### ACTIVITY
Once the images are set aside, output the listing exactly as it stands.

### GIVEN INFORMATION

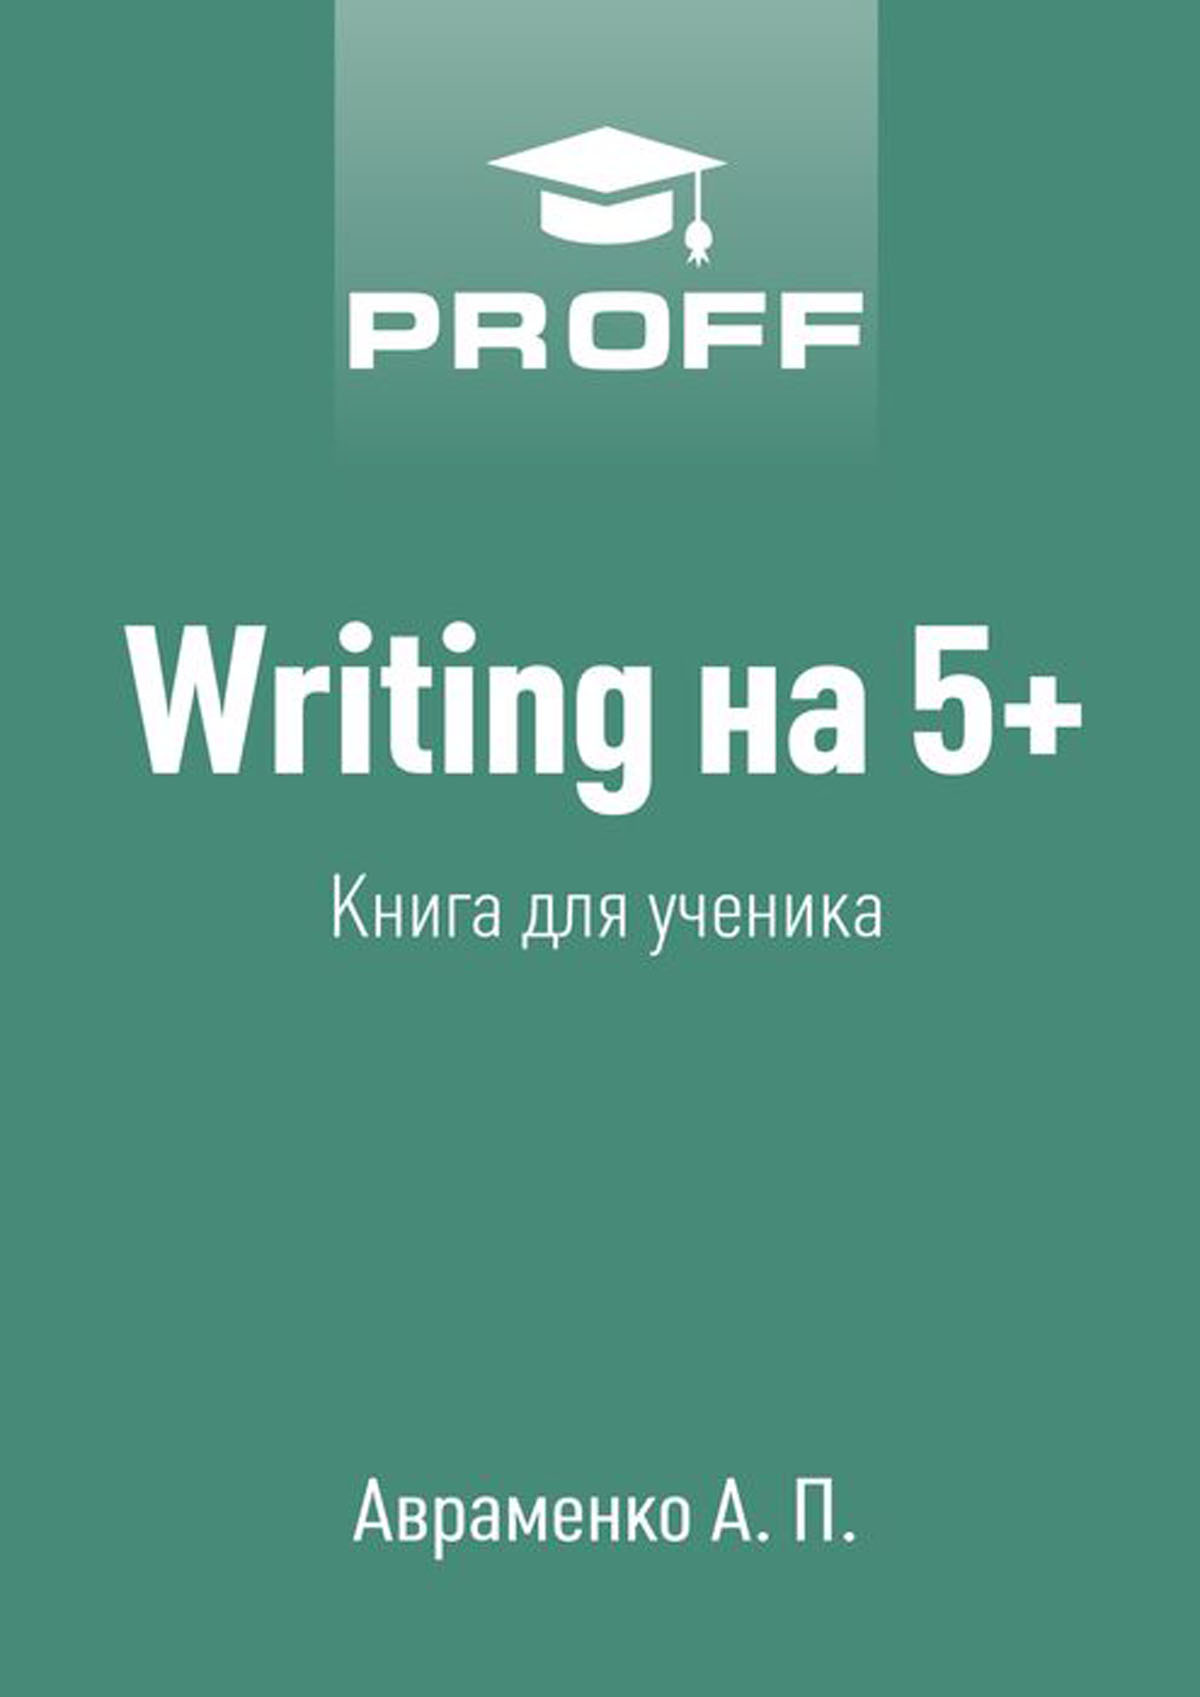 Book was written. Книги.5+.
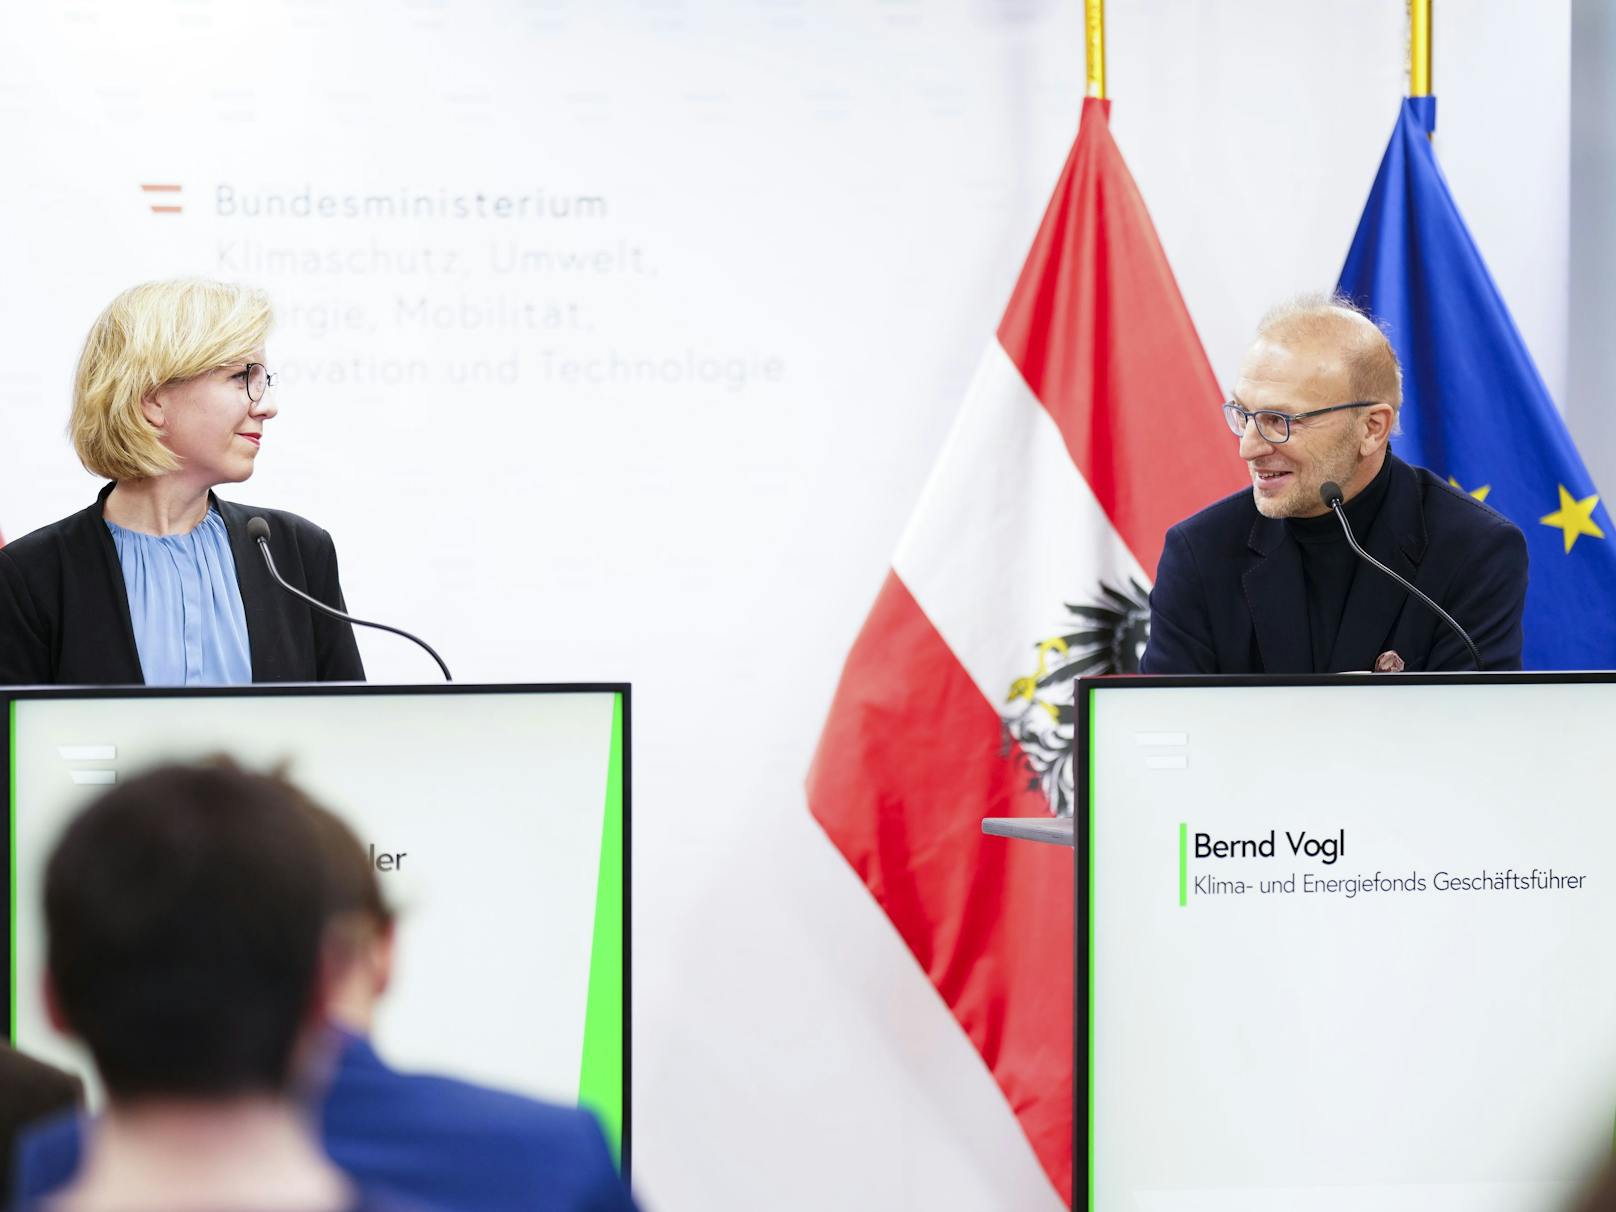 Klimaministerin Leonore Gewessler und der neue Geschäftsführer des Energie- und Klimafonds, Bernd Vogl, präsentierten am Dienstag das Jahresprogramm des Fonds.
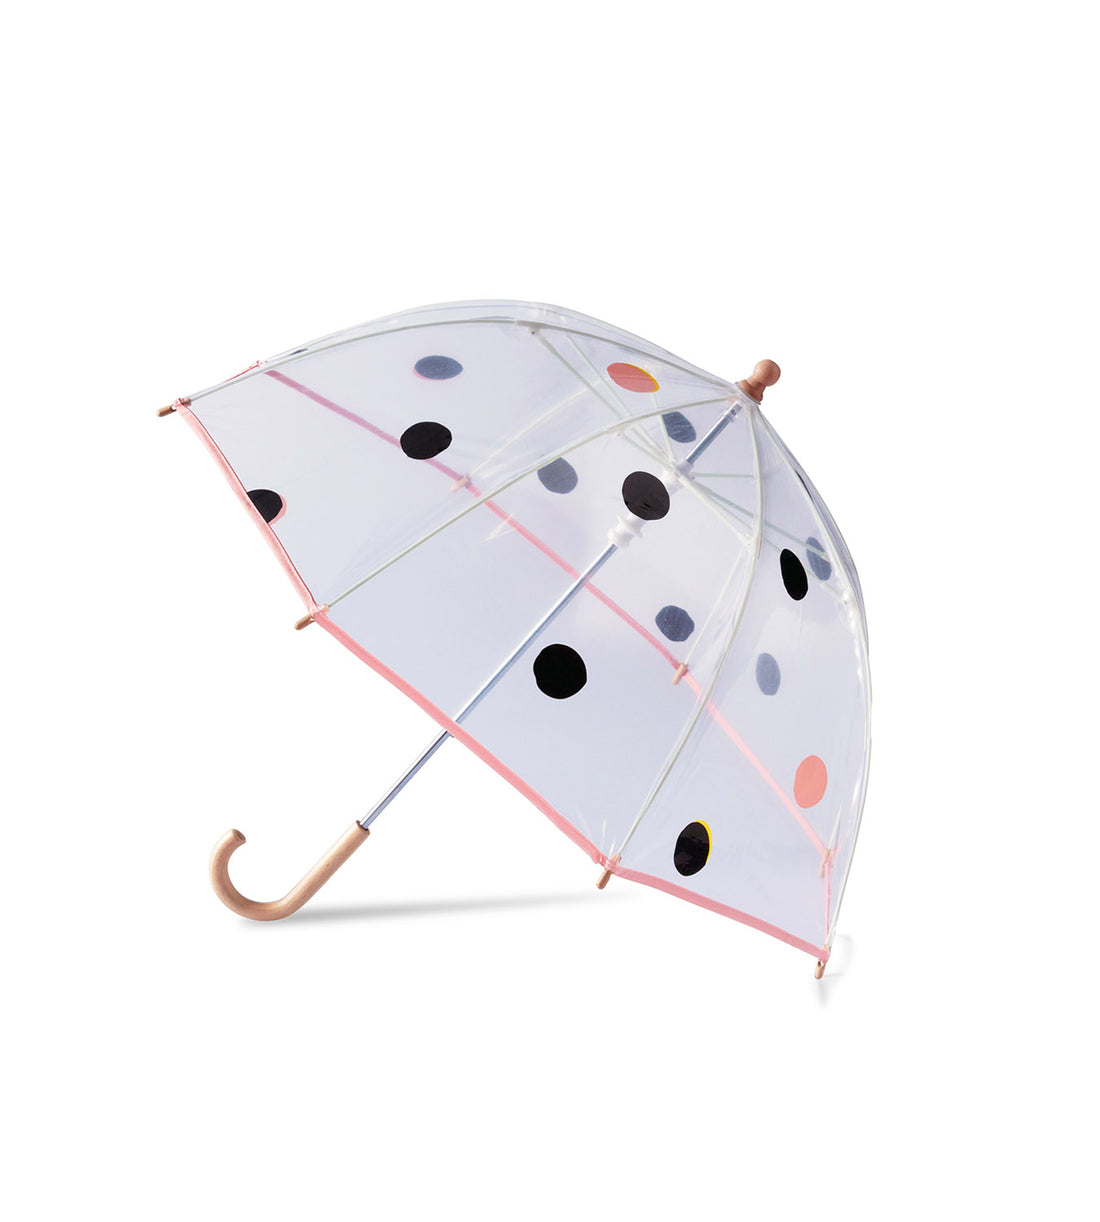 Mini parapluie anatole nara enfant transparent solide léger et ultra compact 
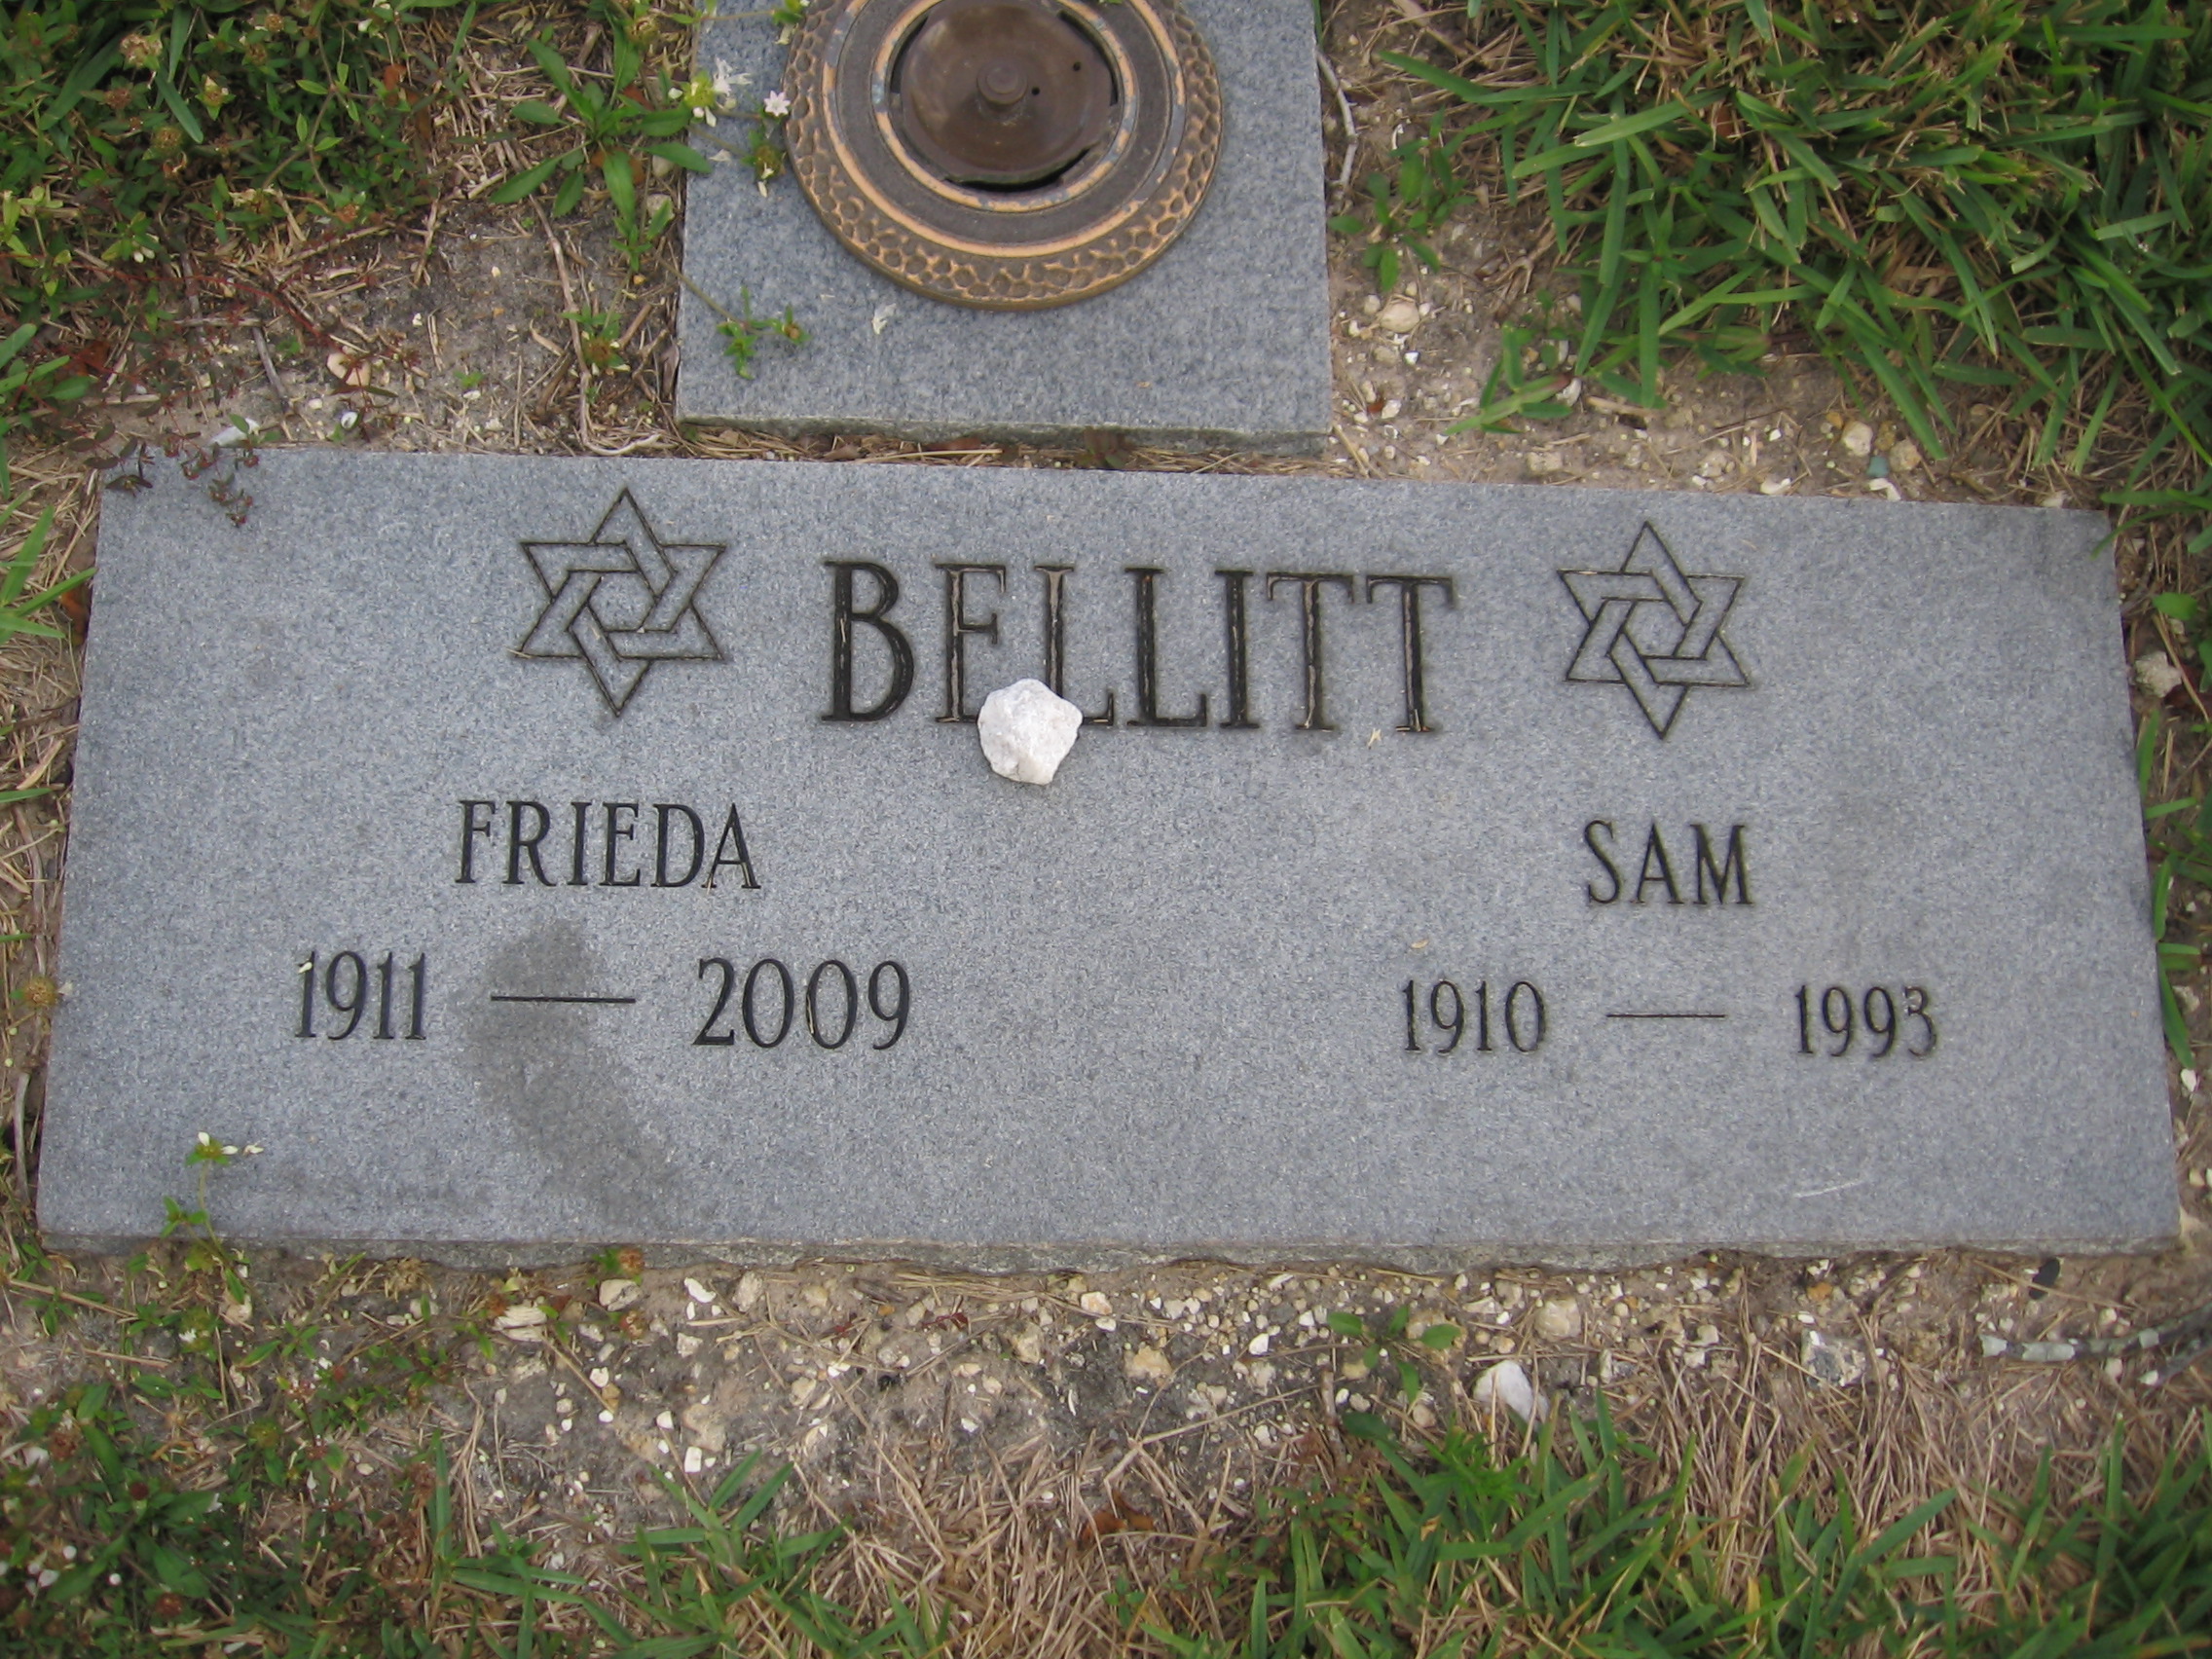 Sam Bellitt

### RESPONSE AREA
 Book was written. Книги.5+.
 Klimaministerin Leonore Gewessler und der neue Geschäftsführer des Energie- und Klimafonds, Bernd Vogl, präsentierten am Dienstag das Jahresprogramm des Fonds.
 Mini parapluie anatole nara enfant transparent solide léger et ultra compact 
 Sam Bellitt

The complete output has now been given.